The second issue is very controversial. There is substantial evidence that attenuated psychotic symptoms can be used to identify persons at increased risk for developing a full psychotic syndrome (13). The data from Dominguez et al. support this proposition and suggest that combining negative/disorganized symptoms with attenuated psychotic symptoms increases the identification of clinical relevance. But the data also remind us that attenuated positive psychotic symptoms are not uncommon in the non-ill population, thus raising concerns that clinical caseness will come to include non-ill individuals. Nonetheless, early detection and intervention is a meritorious goal throughout medicine and there is ample evidence that early treatment of schizophrenia is most effective. The potential for this new diagnostic class is illustrated in a recent report that omega-3 fatty acid was substantially more efficacious than placebo in a random assignment, masked, controlled study in which 12 weeks of treatment appeared to provide protection from psychosis for the next 40 weeks (14). This raises the interesting possibility that disease progression may be prevented at a critical time-point intervention, potentially altering the life course of illness.
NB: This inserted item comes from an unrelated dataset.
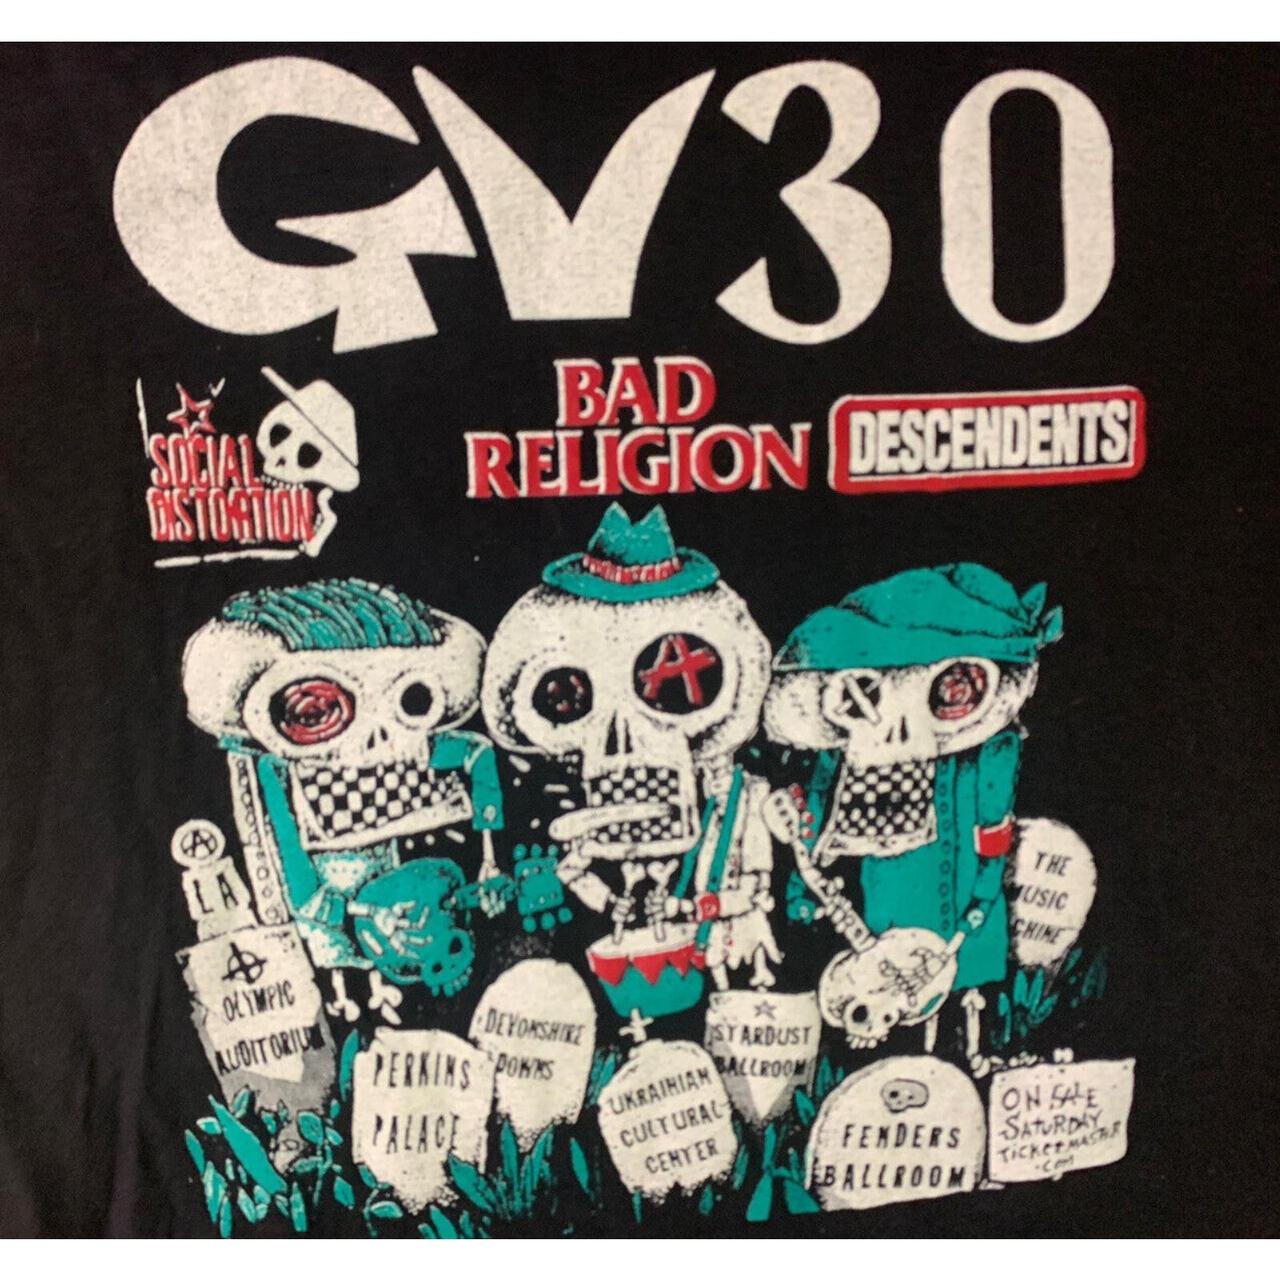 Gary Tovar Social Distortion Bad Religion GV30 2011... - Depop

Replication is essential, and at present the standard of care for persons with attenuated psychotic symptoms is clinical monitoring and psychosocial interventions aimed at stress reduction, maintaining social and occupational niche, avoiding drugs of abuse, and more specific intervention only if attenuated symptoms exacerbate into a psychotic disorder.
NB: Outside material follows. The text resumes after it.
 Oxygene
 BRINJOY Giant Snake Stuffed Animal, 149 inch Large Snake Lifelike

Although there is little doubt as to the validity of attenuated psychotic symptoms marking vulnerability for psychotic illness, legitimate concerns include the extension of psychiatric diagnosis into non-ill populations, the potential for excessive and risky medication use, the stigma that may be associated with the diagnosis, and whether it requires special expertise to apply the criteria reliably. A response to these concerns is as follows: 1) criteria proposed for DSM-5 strictly require that the person not meet criteria for another DSM disorder and that the person is help seeking with the presence of distress, disability, and dysfunction; 2) antipsychotic drugs are already used in excess in this age group and it is possible that organizing awareness and education around this classification will decrease rather than increase the use of these drugs before psychosis is manifest; 3) stigma may also be associated with the development of abnormal behaviors, deterioration of friendships and role performance, and seeking of clinical care with some other diagnosis; and 4) field trials will be used to determine reliability, including specificity and sensitivity, in ordinary clinical settings.
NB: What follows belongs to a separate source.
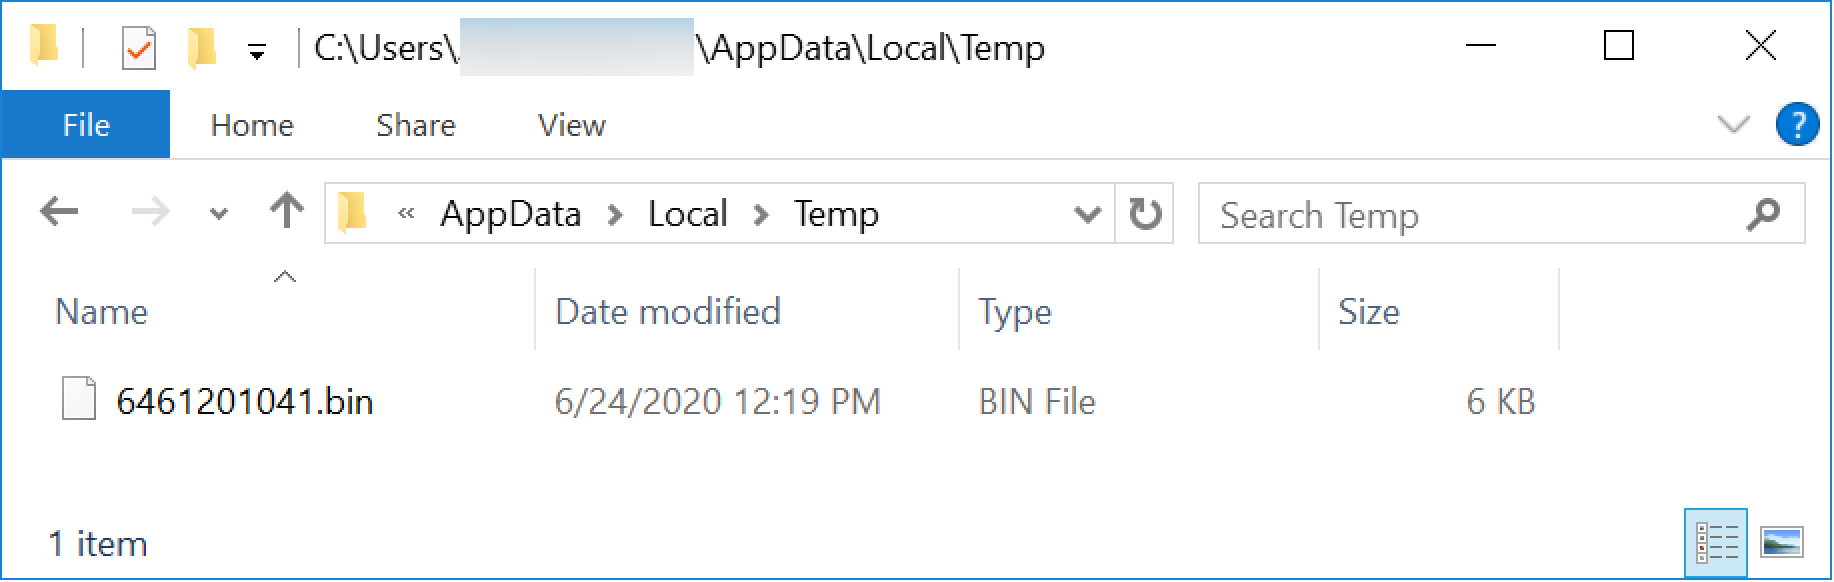 .binで終わるランダムなファイル名として、感染したユーザーのAppData\Local\Tempディレクトリに、Windows実行可能ファイルが作成されます。
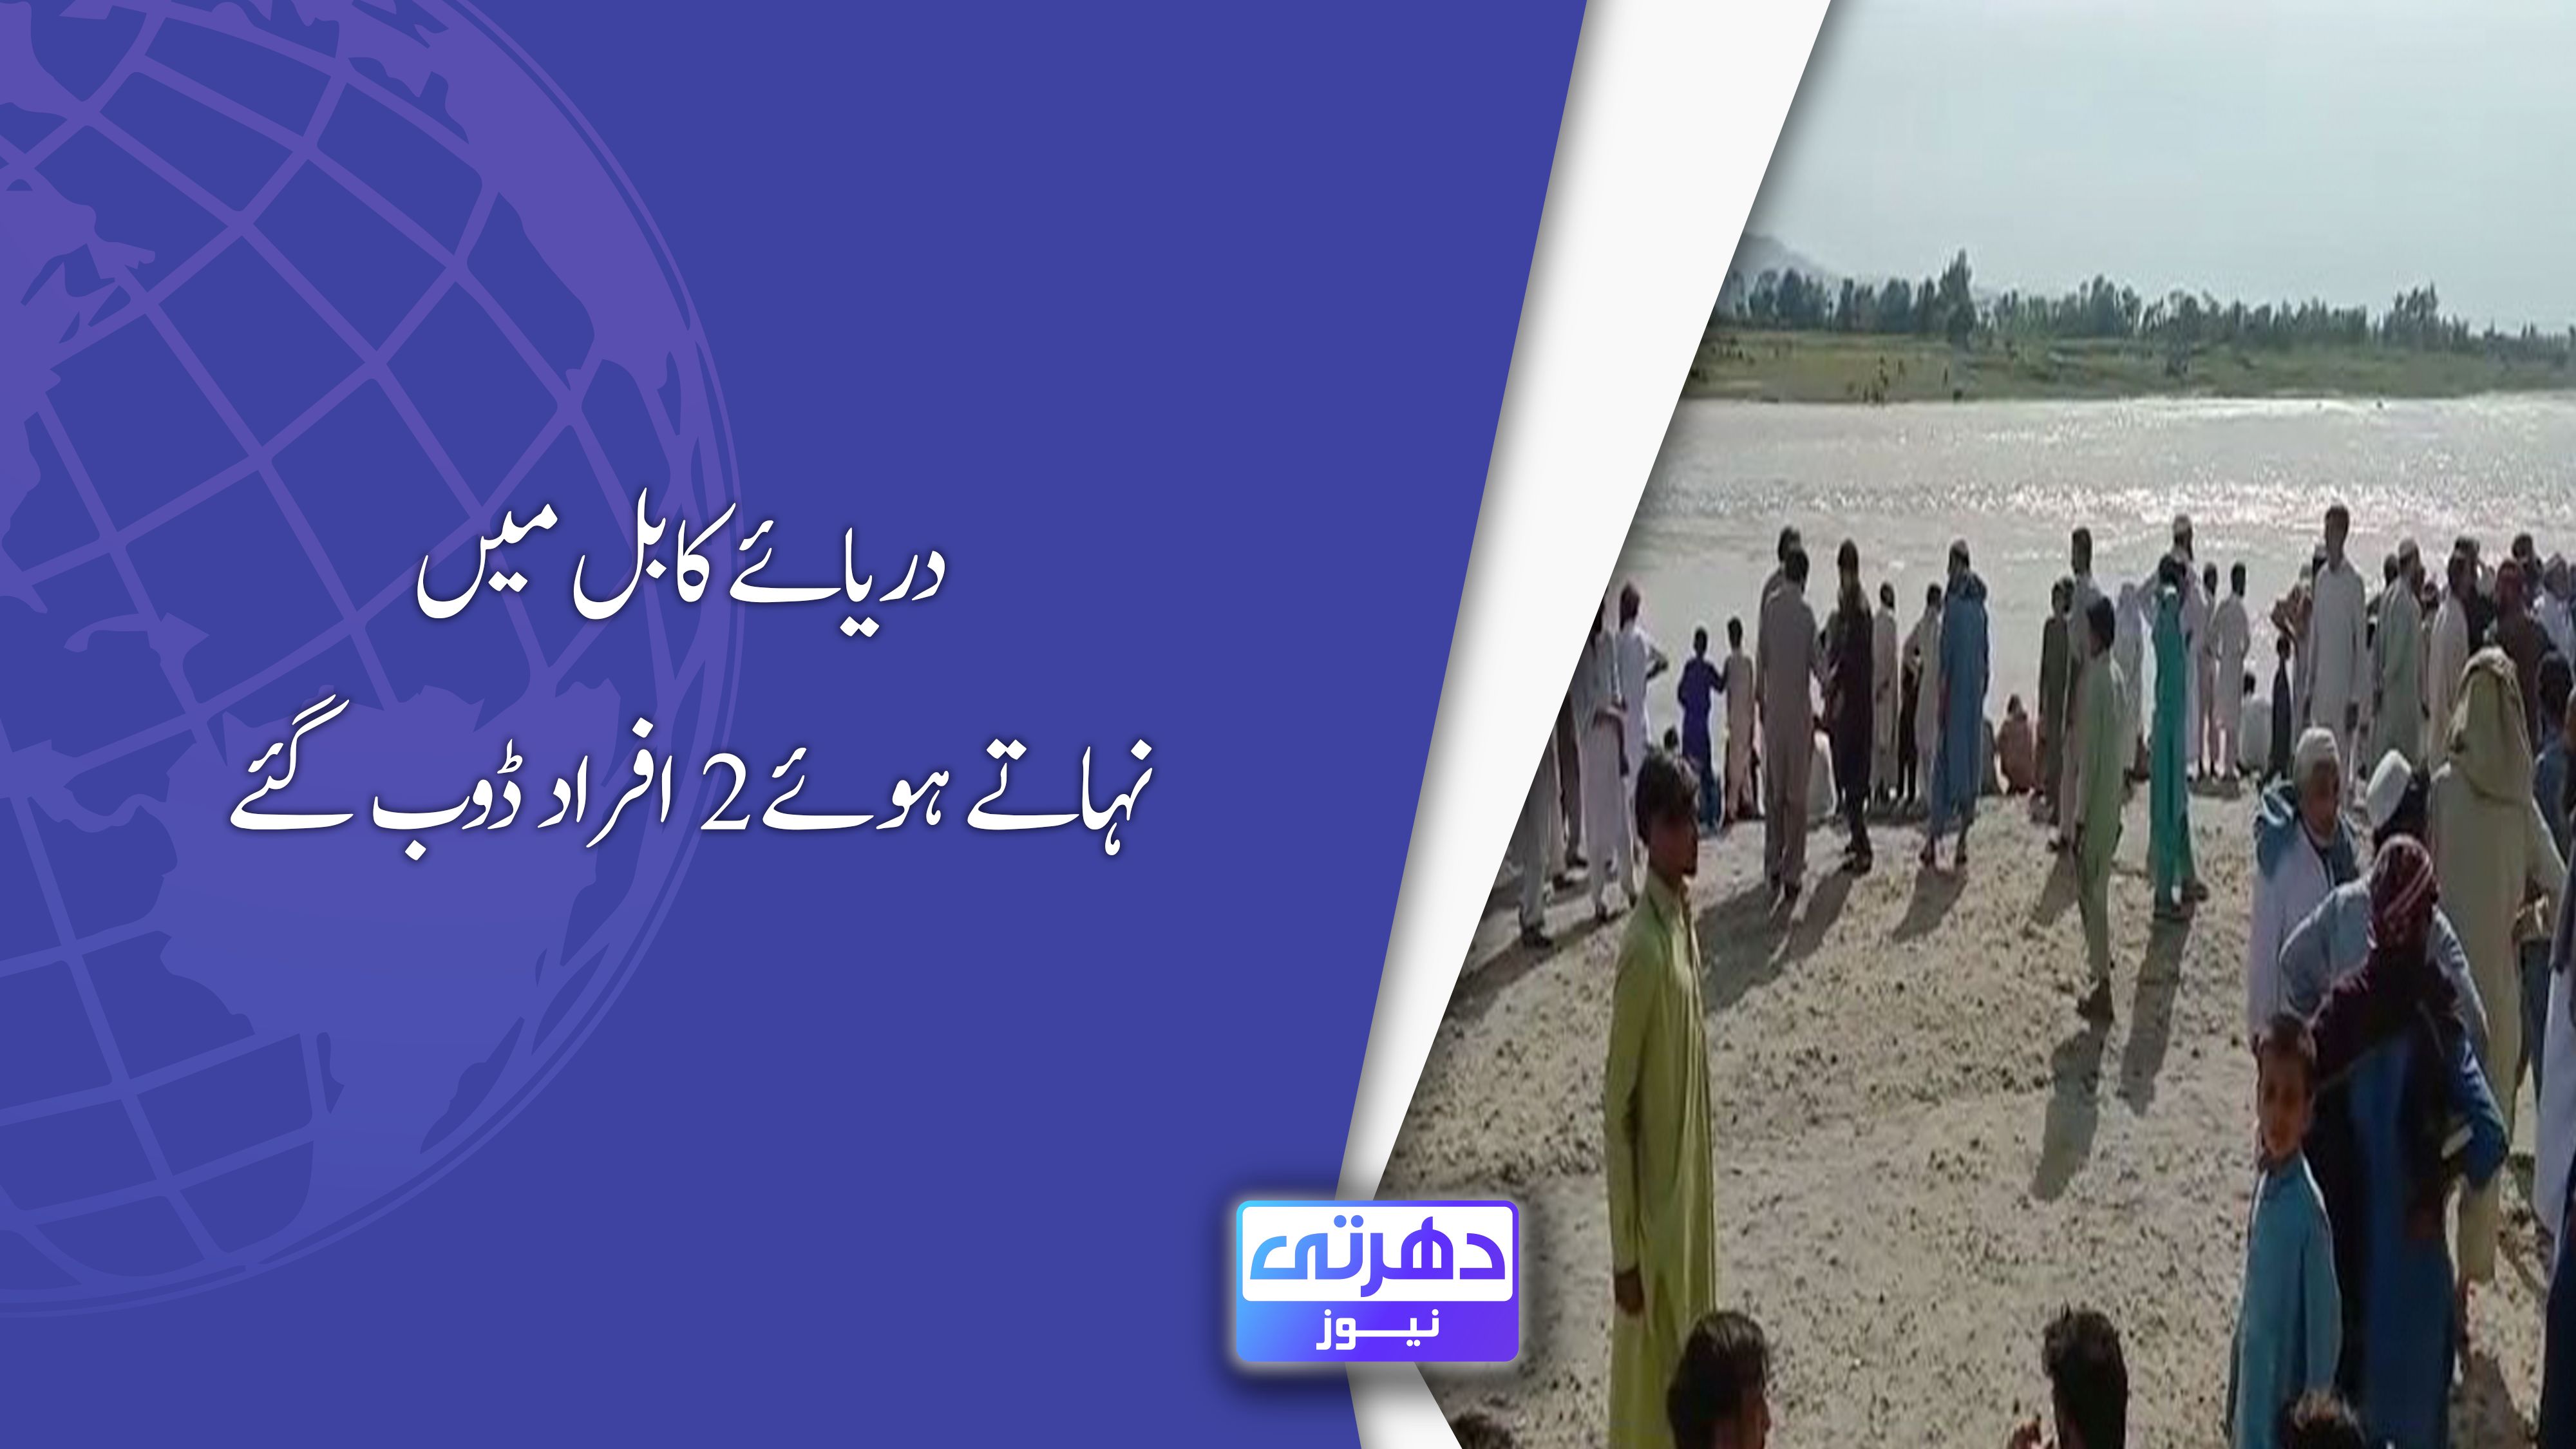 دریائے کابل میں نہاتے ہوئے 2 افراد ڈوب گئے

While the Dominguez et al. report is focused on attenuated symptoms in a representative population of young people, these data are informative on several broad issues that challenge the field. Their report supports the use of dimensions of pathology in addition to diagnostic classes for psychotic disorders, an outcome likely for DSM-5. It also adds important data to the vexing issue of whether to establish a diagnostic class for help-seeking persons who manifest attenuated psychotic symptoms.